In this context the first months were used to document and set guidelines for coding, testing, packaging and deployment using Github action and Jenkins.
We experimented with multiple platforms to deliver our solutions
-Data pipeline on Databricks with Scala and Python (Pyspark & Koala) to feed ML prediction models
-Deployment and optimisation of models to detect anomalies in customer’s jobs in python & Flask
-Extraction using Talend studio job(Java) to dump postgresql database on s3 bucket as parquet
-Extraction and computation on a Snowflake datawarehouse
We finally settled on Sagemaker for most of our projects and my role included finops responsibilities
-Managing AWS account resources using terraform (tagging, creation, deletion)

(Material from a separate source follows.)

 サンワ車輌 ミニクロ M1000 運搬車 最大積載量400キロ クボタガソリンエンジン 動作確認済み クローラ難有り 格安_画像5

-Define with team’s lead budget alerts and reports by slack/email with related dashboards to provide context
-Evaluation and optimisation regarding architecture of Sagemaker pipeline, model and endpoint on AWS
Other responsibilities included making people more aware of security with presentation, training on secureflag platform and setting audit tools in the CI with veracode.
JobTeaser is a French company that provides recruitment solutions to companies for the recruitment of young talents and a free career center software towards higher education institutions in Europe.

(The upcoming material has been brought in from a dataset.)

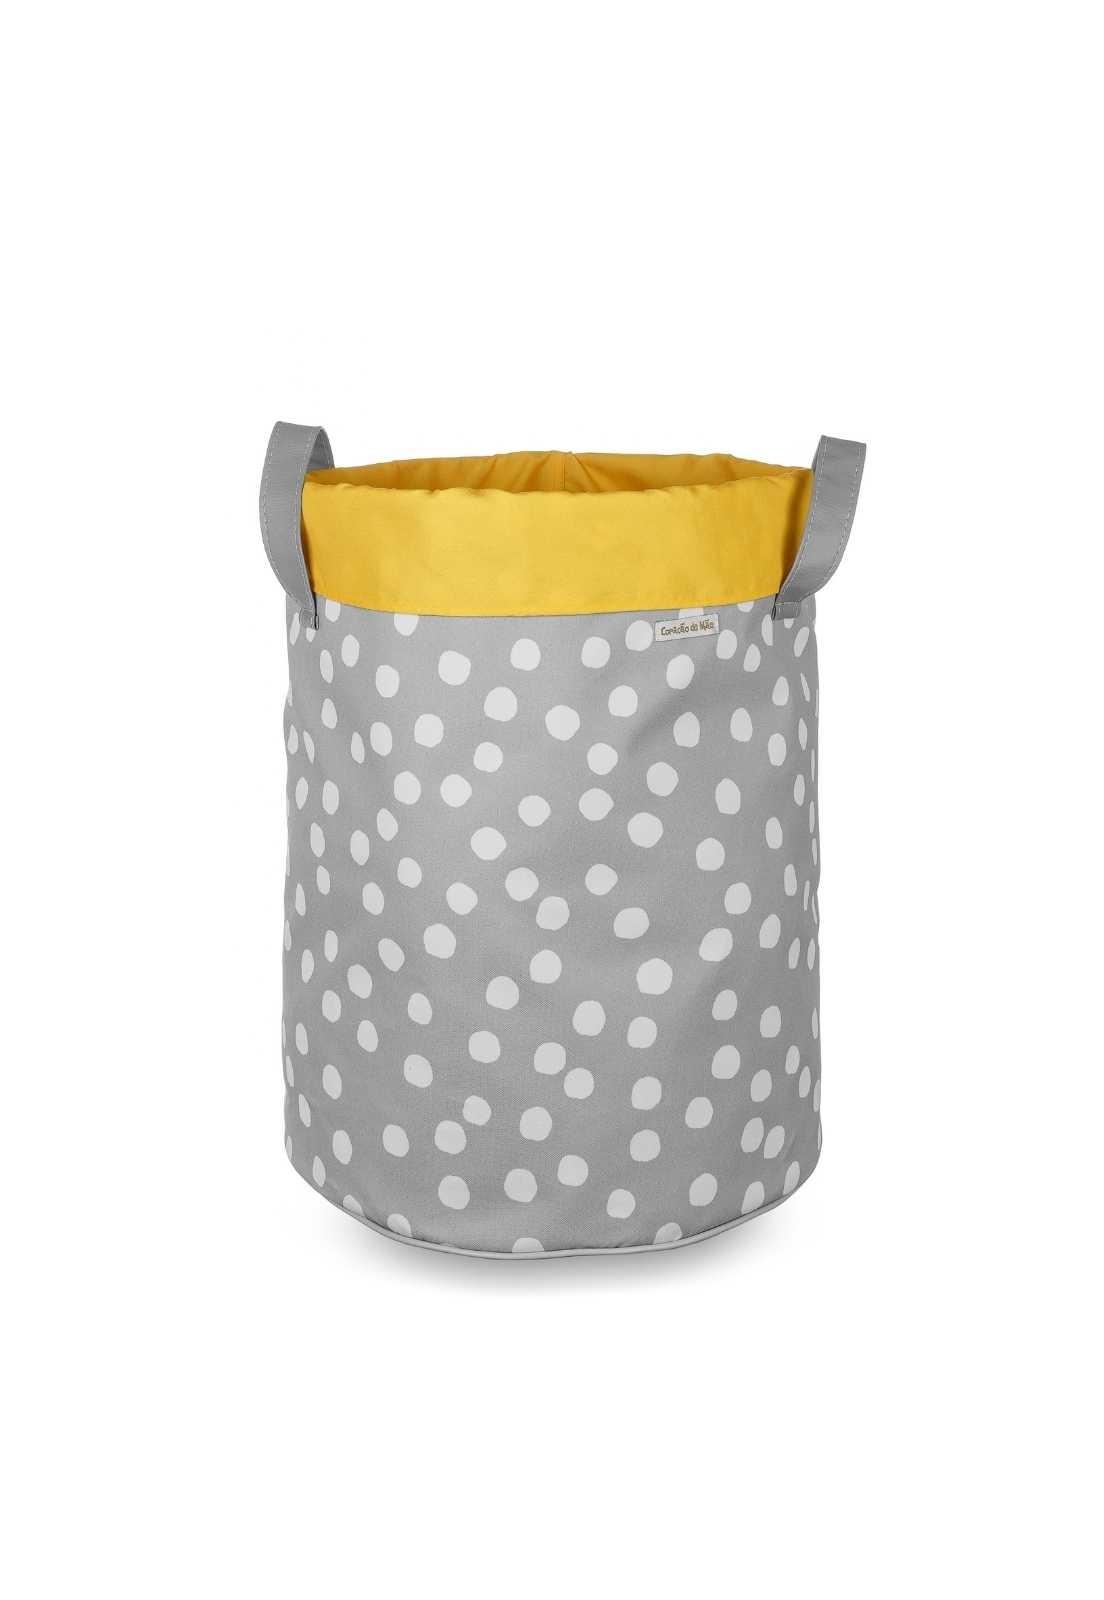 Saco de Brinquedos G com Aba Amarela - Bolinhas Brancas No Fundo Cinza

I joined Jobteaser as the second data engineer of a 5 person team that provided data analysis and machine learning for the whole company.
The company was moving a startup to a scaleup so a lot of projects were doing migration from the legacy system to the new system.
-Migrate Elastic Beanstalk REST API on AWS to Kubernetes.
-Rewrite/deploy job classification REST API in Flask.
-Write/deploy ETL and REST API for job recommendation project.
Main project beside that was deploying the backbone of our data stack with a Kafka that allowed us to stream our production database (MySQL) to our Postgresql using Debezium and change data capture patterns.
We then loaded it into our datawarehouse (Redshift) that give data analyst opportunity to do realtime dashboard of backend activity
Ipsen is a pharmaceutical company
Alongside another data engineer we exploring multiple projects to resolve issue encountered by marketing and research teams sharing progress during spring (3 weeks) for Ipsen an pharmaceutical company
The two most advanced projects are listed below and all of them were hosted on AWS ec2 using docker-compose.
-Team’s responsible for handling clinical trials of new drugs needed insight on previous research done by other companies in the whole world, so we did data mining on official reports for specific diseases, cross referenced the sources then displayed it on an interactive map using Folium, we ended up pushing some fix to folium.
-Marketing wanted to get feedback regarding new medicines on social media so we targeted tweets related to either the disease or drug, developed an algorithm to identify key opinion leaders (either medical professional or public personality) then used nlp tools to do sentiment analysis.
Engie is the main electricity provider in France
At Engie I worked on 2 projects with them
PAP:
With another data engineer and an app team in order to provide a solution to traveling salesmen that need to plan their road, get customer information and sign contracts on their tablets.
We had a huge focus on geolocation and we had to put in place
-Mongodb to store customer’s data (60 millions users)
-REST API written in Java for the application team
-Fix customer addresses using google maps data and apache Lucene
This project was successfully deployed and is still in production.
GDF 360:
To help desk support of Engie to provide better service to customers we implemented a POC in 6 months that displayed all known previous interactions between a customer and the company (call, bills, contract, …) using a graph database (neo4j) on a temporal axis.
HSBC is a major banking company
At HSBC I was doing maintenance of banking features for customer account in collaboration with remote chinese team
Education
University Of Cergy-Pontoise (UCP)
Master's degree in Computer Science
2013 - 2015
Main focus was on Java, Hadoop and SQL databases.